Discussion in 'Himalayan Imports' started by warty, Aug 27, 2010.

  1. warty

    warty

    Mar 2, 2010
    This is a very comfortable blade to hold and swing. It makes a great machete, I cleared the side of my house (after the pix) of tall weeds easily with it and chopped the flower stalks out of my four yuccas. No damage to the blade at all from the yucca stalks and if you don't know, they are tough to cut. The blade came to me quite sharp already, no just serviceable but just right for a machete. Personally, I don't want those to be like a razor since they tend to stick in a larger, thicker piece of woody weed rather than pass through. When they stick it can be dangerous to try and dislodge the blade so I prefer to try and not let them stick at all.

    [​IMG]

    [​IMG]

    nice, comfy horn handle...
    [​IMG]

    have a frosty one! :D
    [​IMG]

    The Parang has a nice weight to it too. It feels good to swing and the handle is made to fit the hand perfectly, at least my hand. It also has a nice balance to it. I have found that both Tirtha and Santosh have the touch when it comes to making a balanced blade. They have the ability to take even the heaviest blade and make them feel like they are light as a feather.
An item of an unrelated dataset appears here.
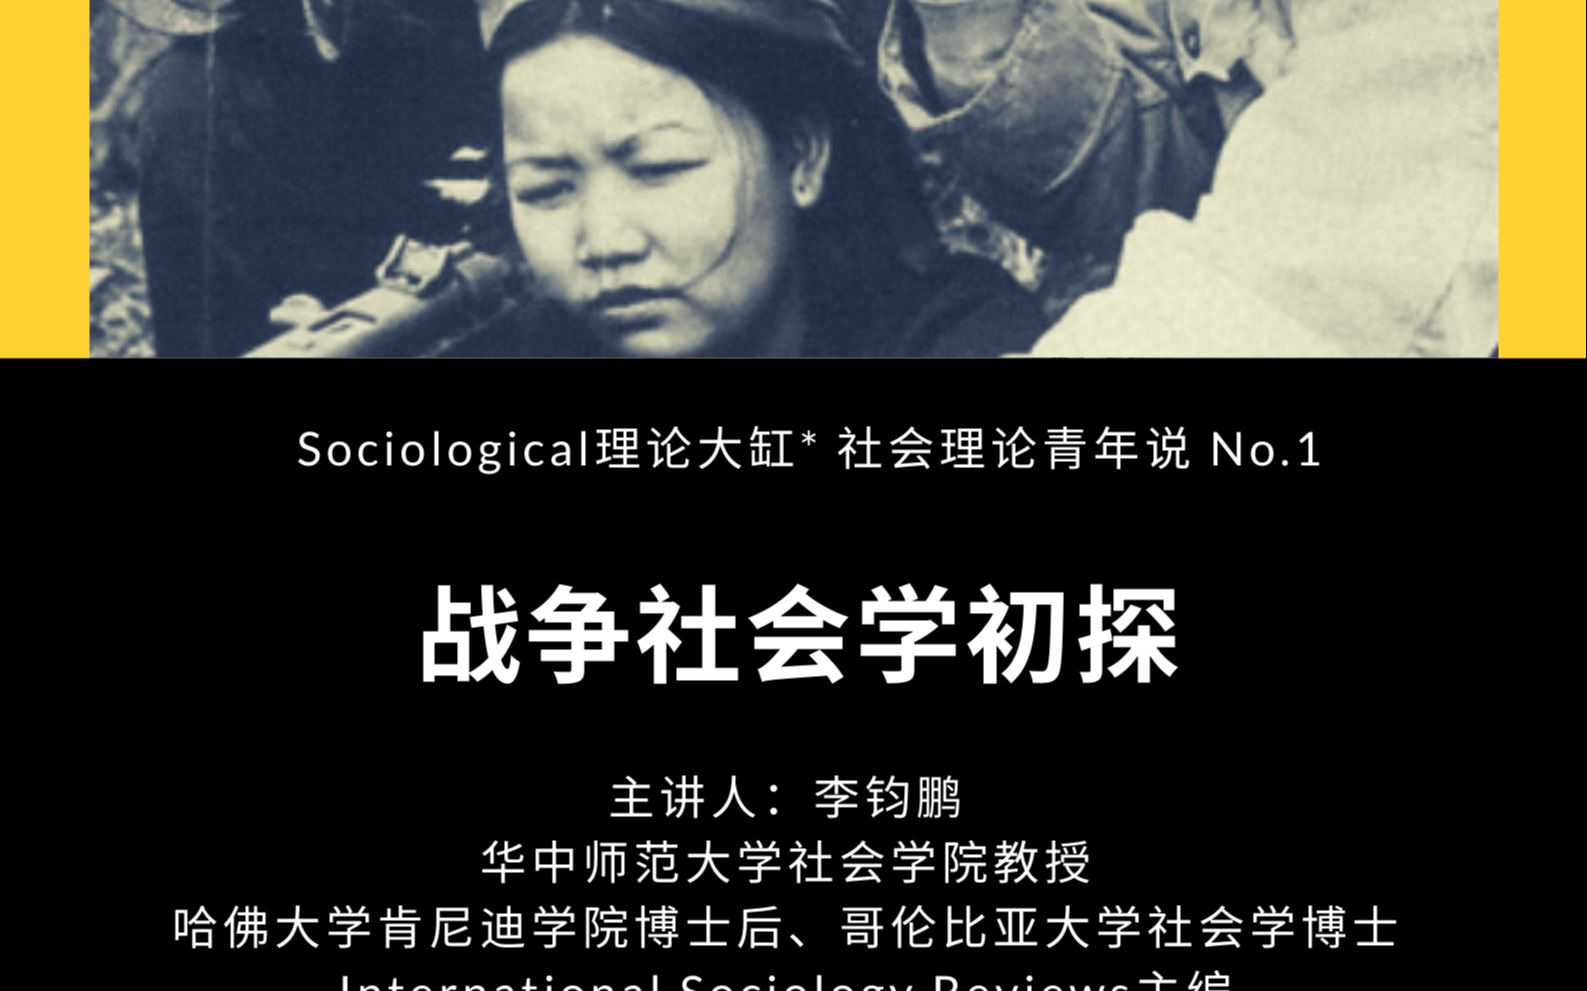 李钧鹏-战争社会学初探-社会理论青年说第1讲_哔哩哔哩_bilibili

    thought I'd add this picture to show all of the "Big Blades" of HI...
    [​IMG]
    {T=>B}
    Cherokee Rose Bowie (Vim)
    Bamboo Cutter (Young Sher)
    Giant Seax (Santosh)
    Bob White Bolo (Sher, The Tiger)
    Parang (Tirtha)
    Jungle Knife (Lok)
    Annapurna Bowie (Lok)​
     
    Last edited: Aug 27, 2010
  2. heinlein

    heinlein

    402
    Aug 23, 2010
    I doubt if it is the most capable of the bunch; but the middle one is the one I like the looks of best. Do you mind sharing the usual specs., what is it, which Kami, length, weight etc..
     
  3. warty

    warty

    Mar 2, 2010
    That is a Sher Bob White Bolo and I would need to measure it for all the specs of you could work it out via relative sizes...
     
  4. killa_concept

    killa_concept

    May 19, 2009
    Awesome stuff Warty! Did you perchance have a shot of the spine? I believe the DotDs have been listing it as 1/4" - what's your opinion on that level of spine thickness? Funny that I think that to be a tad slender - only by HI standards right? :p
     
  5. warty

    warty

    Mar 2, 2010
    no picture of the spine but that seems right... there is plenty of meat there, I think this makes the Parang what it is supposed it be though, nice and light. I think the whole deal is a perfect package myself. The over all weight is just right and so is the balance. This is a great interpretation of a nice blade that I already have a few of in my collection from more traditional sources. In fact, I would wager this is likely the least "interpreted" of all the HI blades taken from elsewhere in the world.
     
  6. ozbladefan

    ozbladefan

    47
    Mar 3, 2010
    Another great review there Warty complete with fantastic pics as always. I do like the look of that Parang, they are certainly a very handy style of blade to have. The one I have is not HI , but has proven its worth on many a camping trip. I think that Bob white Bolo is very impressive indeed.
     
  7. Yangdu

    Yangdu [email protected] Himalayan Imports-Owner Moderator

    Apr 5, 2005
    Great pix and review,
    thank you
     
  8. warty

    warty

    Mar 2, 2010
    sorry this took me so long to do but I finally was able to take a picture of the spine contrasted to my ASTK-V...

    [​IMG]

    Hope this helps. I can tell you that I have been using this a fair bit since I did the review and it can limb a branch like no other blade I own. I had to remove a few more bigger branches from a pine tree and decided after I chopped them out with the parang (which went quite well and was a lot easier than one of the heavier blades in the tight space of that tree) that I would see how well it stripped the branches of their smaller limbs. It was like using a laser on everything 2inches and smaller and anything any bigger than two but smaller than 3 only took two easy swings. Like the tamang, I believe a thinner blade makes things easier when doing this kind of chopping. With the extra weight that the parang brings with it over the tamang, I think of it as the perfect complimentary blade for my tamang. I would like to see about getting a parang with a less shiny, more villager type finish and perhaps a wood handle (though as I have noted this horn one is very comfortable and nice) for variety.
     
  9. Ugly Duck

    Ugly Duck

    568
    Oct 6, 2008
    Drool....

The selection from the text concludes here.